As one can see the first two steps are essentially the same but with one important aspect attached, the need to go back to the drawing board, as it were, included promptly after the initial planning. This is not an attempt to increase workload, but rather it is a method of acknowledging existing oversights in the UI process: generally, even the most attentive and aware will forget functionality that serves particular populations.

For the purposes of the proposed interpretive app, the core considerations align with a brief checklist:

_ Is opening the app easy for everyone (no unnecessary buttons, sounds, text, scrolling)

_ Does the app have methods for access beyond button push (voice commands, button input from external devices)

_ Is the app visually appealing without being inaccessible (color scheme fits the colorblind, fonts are bold and clearly identified)

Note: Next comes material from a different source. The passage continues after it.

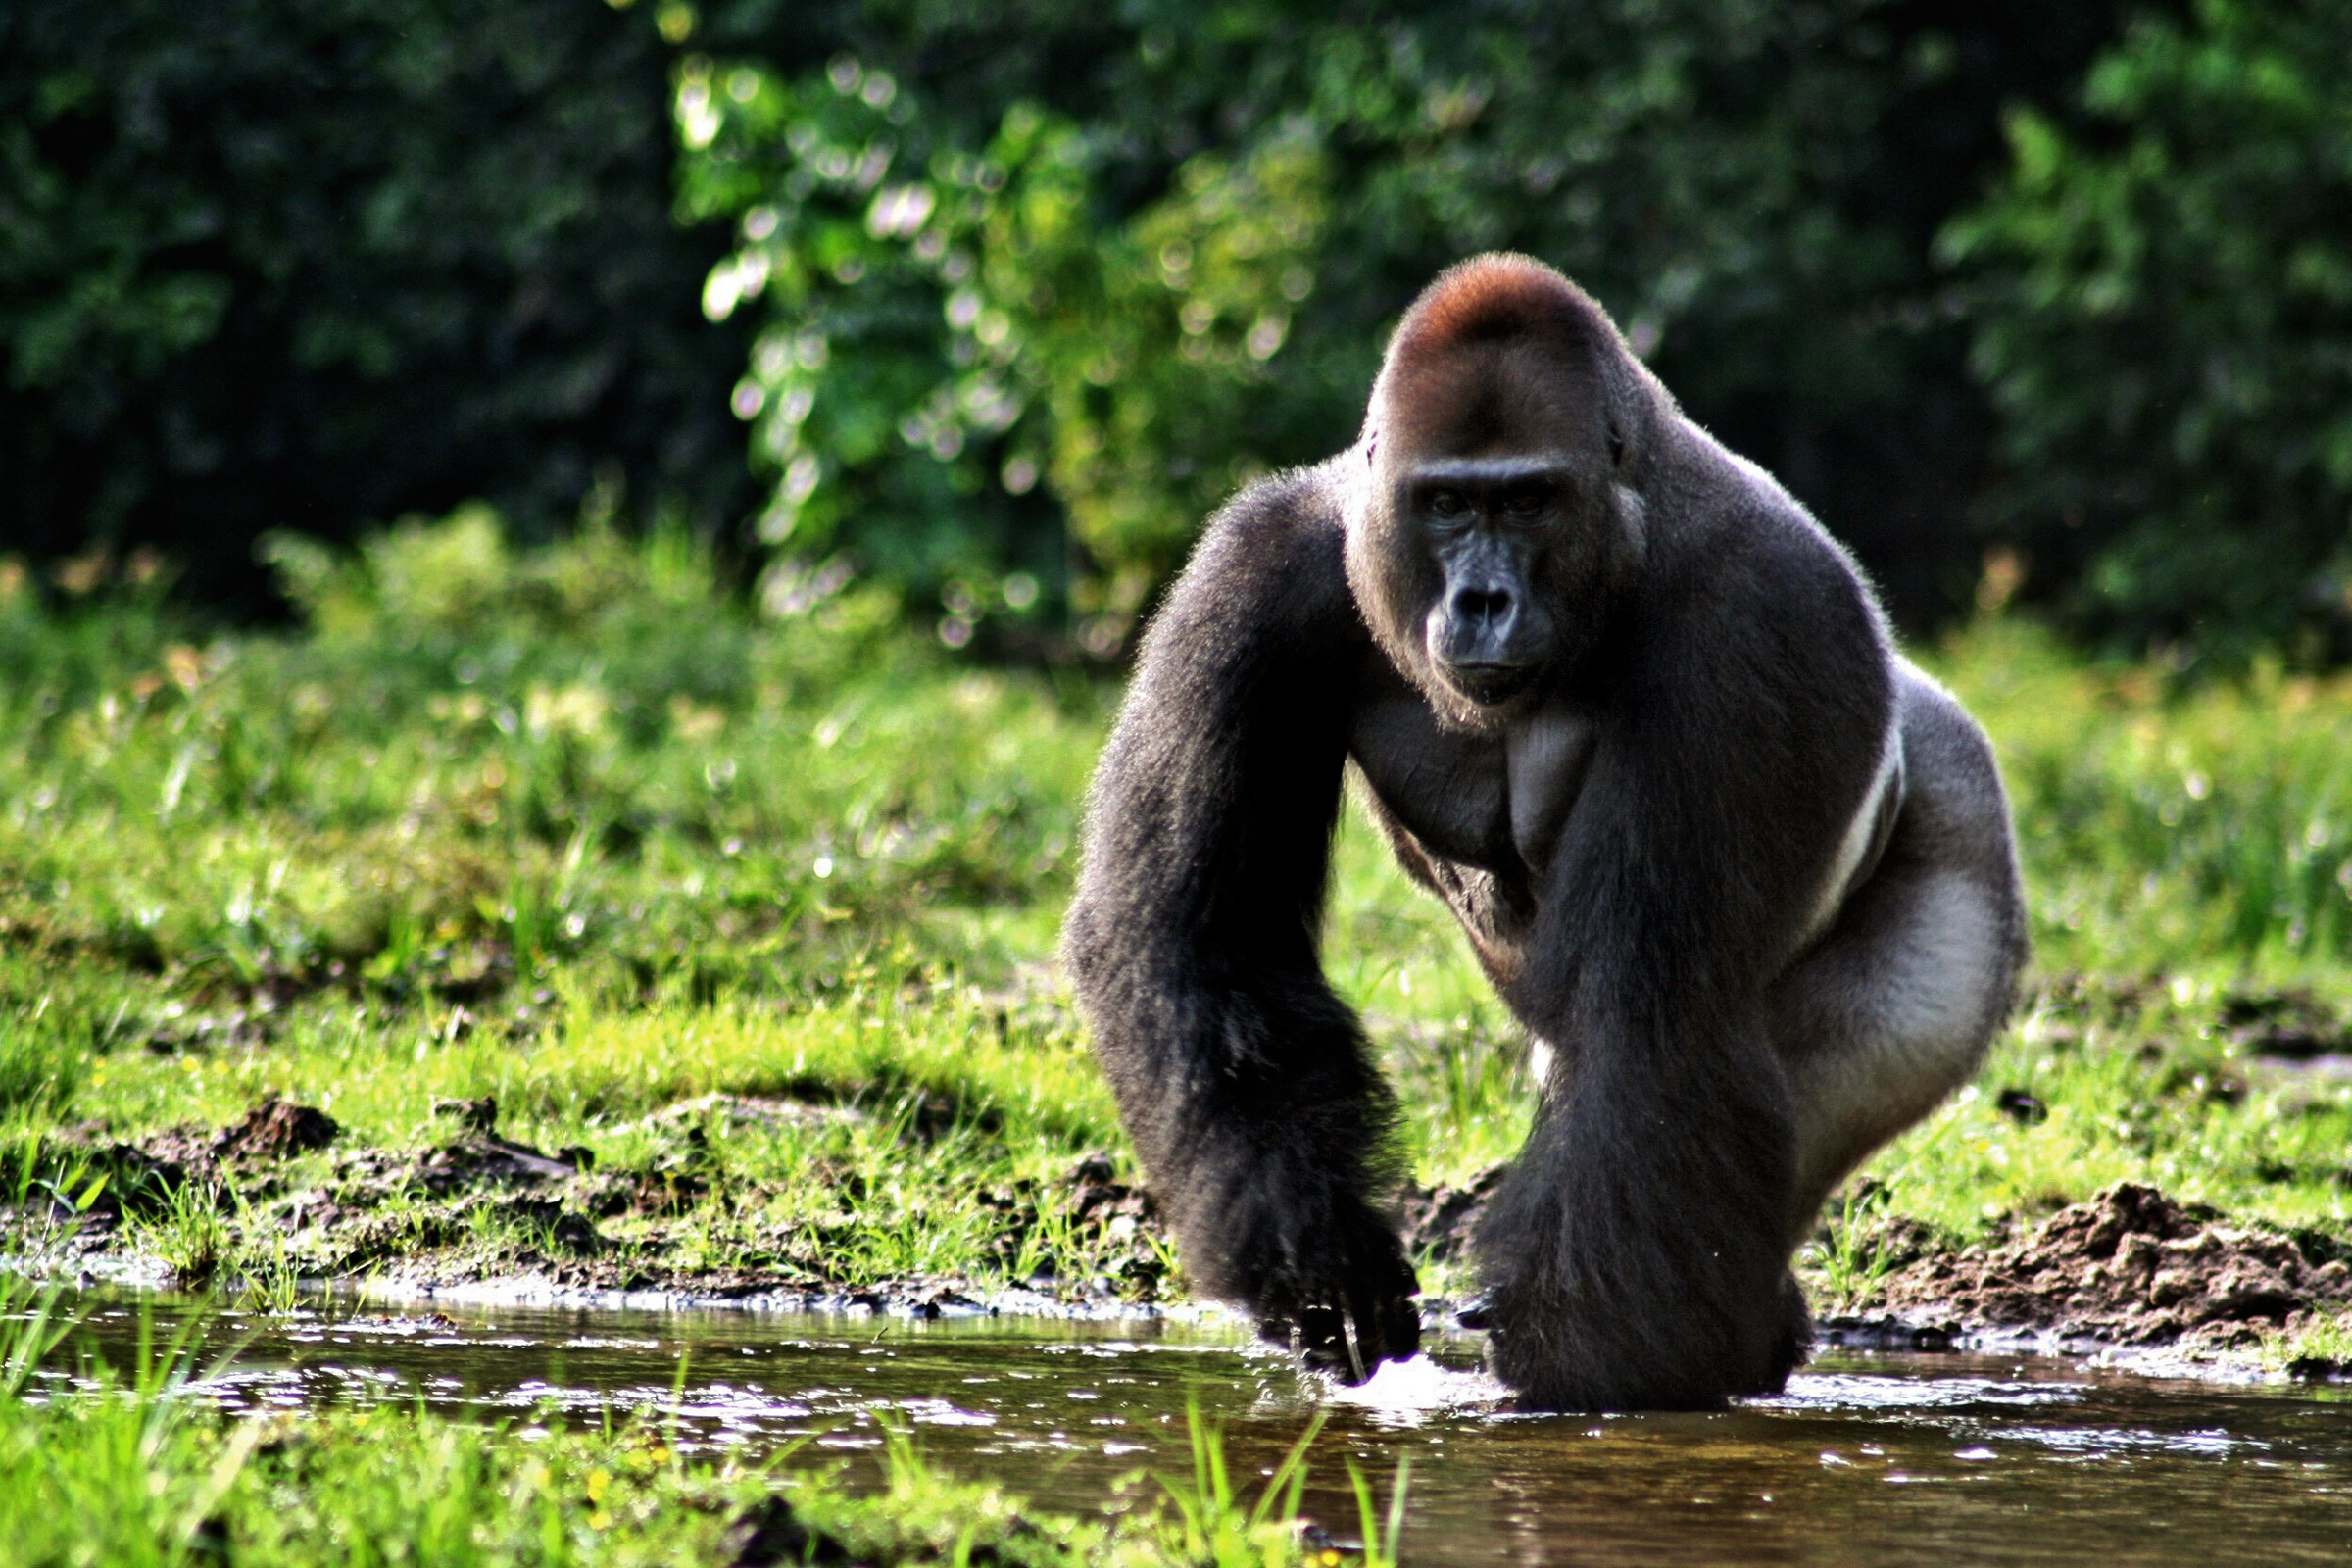 Uganda travels, HD gorilla wallpaper, Majestic creatures, 2400x1600 HD Desktop
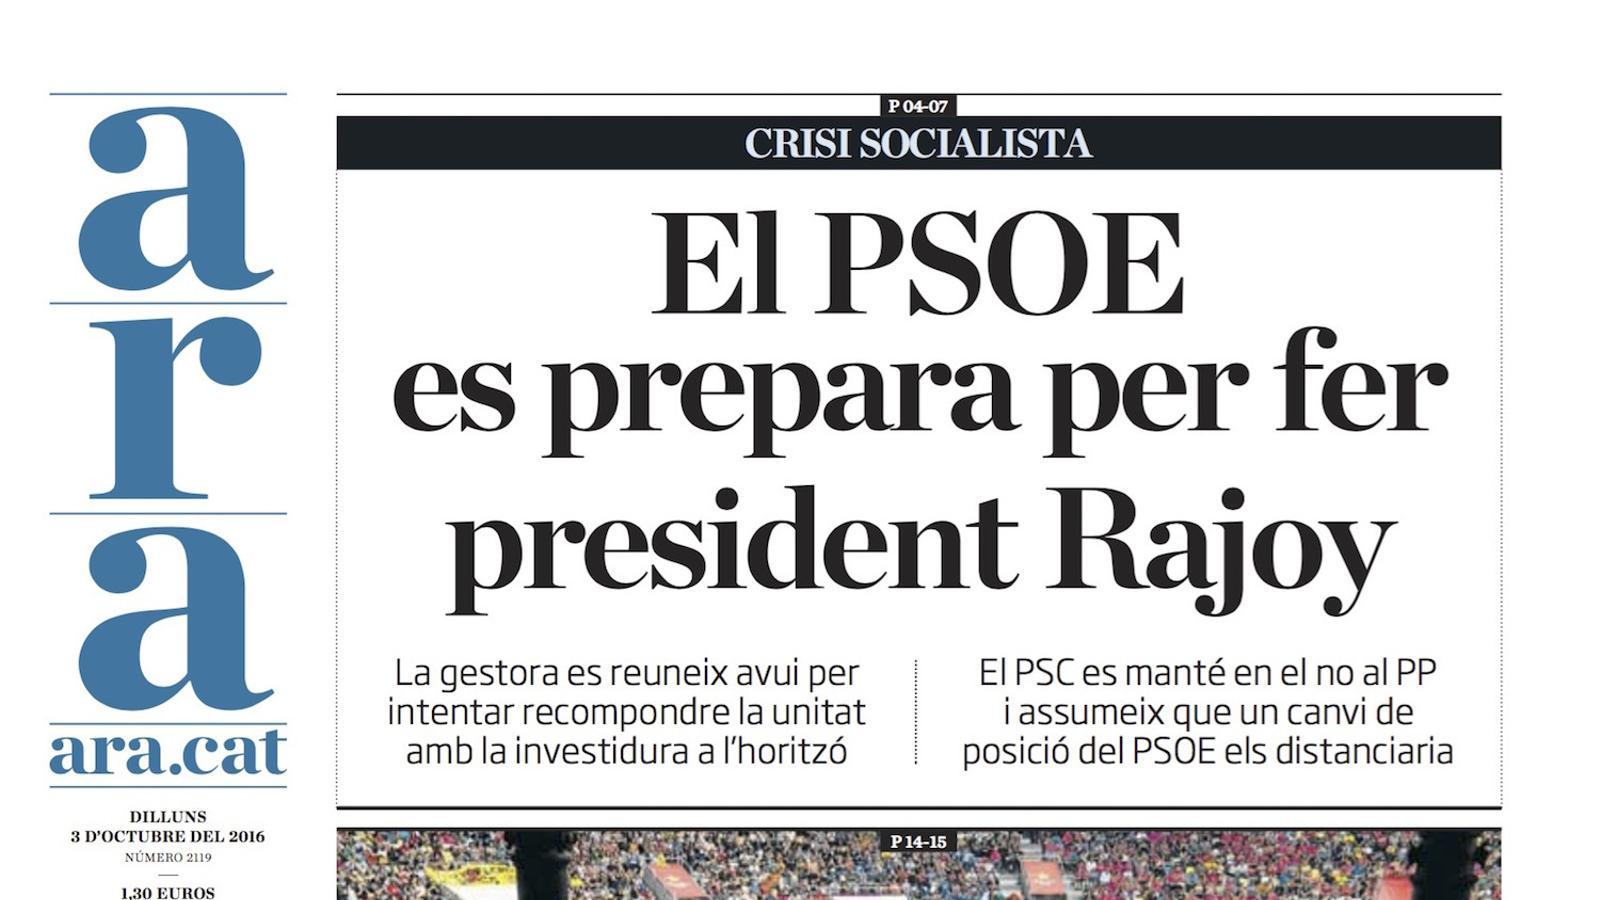 "El PSOE es prepara per fer president Rajoy", portada de l'ARA

_ Is the functionality capable of presenting information accessibly (various options for information presentation)

_ Is it fun

The process begins by filtering every decision through basic rules of design for accessibility. This effort is important to begin at the visioning stage of app development and can be summed up in a basic (but not comprehensive) way as such:

  • The app should be navigable by voice command, screen tap, or external input (if possible)
  • Buttons and other visual elements should not blend together, this includes in the case of being indistinct to those with colorblindness
  • Any text should have a voice component and any voice component should have a transcript
  • Alerts and notifications in-app should be gently tactile and on-screen in a noticeable way
  • Customization of sensible functions like vibration and voice narration should be logical and simple
  • Users should not be forced to use functions that are potentially not usable for them (for example, voice command functionality)

The next part of the process, implementation, is followed by another set of steps and consideration for use in the focus group testing:

  • Is the focus group representative of the populations impacted by design elements?
  • Is the app tested both live and for basic functionality?
  • Are there scripts for specific live and functionality tests that can determine if all focus populations can access a specific function?
  • How are the focus group suggestions to be assessed?

Finally, implementation of the suggestions from the focus groups should follow the following considerations:

  • What is missing?
  • Where in live testing is there the most difficulty?
  • What functions are difficult or an obstruction?
  • What functions are unnecessary for the app?

From there, app design should proceed.

Resources:

Material Design, Accessibility

UX Collective, How to make an app accessible?